NRG tells shareholders to reject Exelon's $6 Billion bid

NRG Energy Inc. the developer and manager of energy-related operations, has asked its shareholders to reject a hostile $6 billion takeover bid from Exelon Corp.

If successful, the bid could create the largest US power producer.

In a filing with the US Securities and Exchange Commission (SEC), NRG said that a combination with Exelon would dilute, and may even derail NRG's growth. The company, which is based out of Princeton, New Jersey, is currently the second-largest power producer in Texas, just behind the closely-held Energy Future Holdings Corp.

Exelon's bid offers 0.485 of a share for each NRG share directly to holders as of  12 November. Three days earlier, on 9 November, the NRG's board had turned down an identical offer, saying that it was too cheap and potentially risky for investors. In an interview with the media, NRG chief operating officer Robert C Flexon said that since the price was the same, "so the answer is the same."
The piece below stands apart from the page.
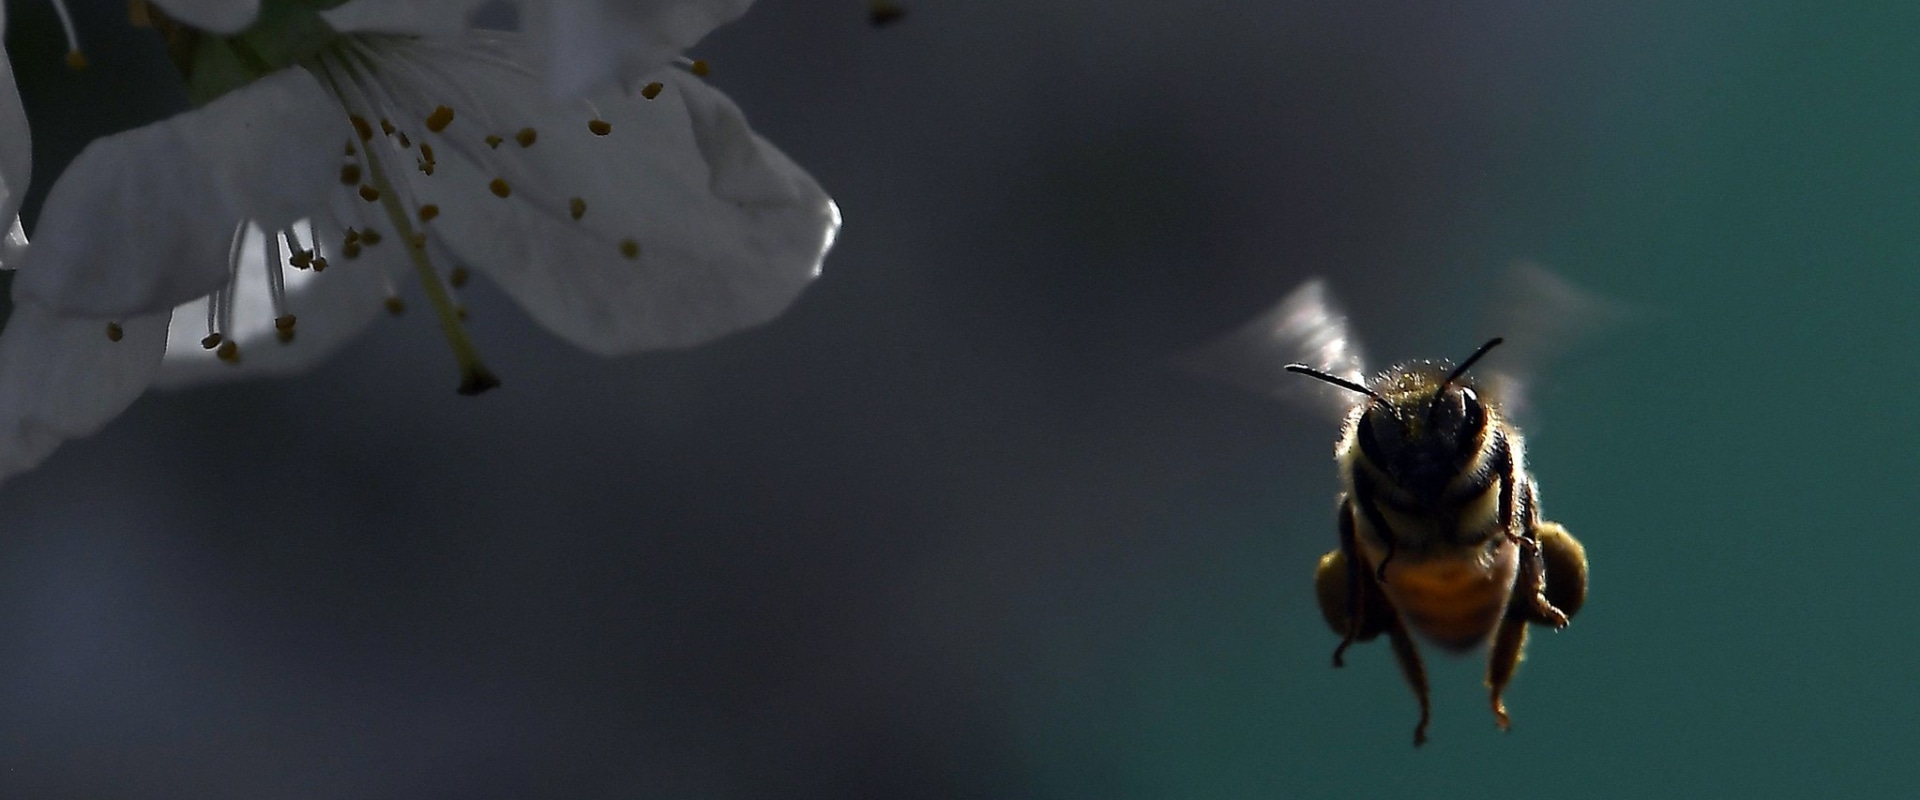 Avoiding Sudden Movements Near Bees

The filing says that a discussion between the two companies, facilitated by JPMorgan Chase & Co on 2 September, ended on 30 September, at a meeting in New York, when Exelon CEO John W Rowe did not want to discuss an exchange ratio of Exelon shares for those of NRG.

With the regulatory filing in place, NRG's management is now free to hold meetings on the bid with individual shareholders.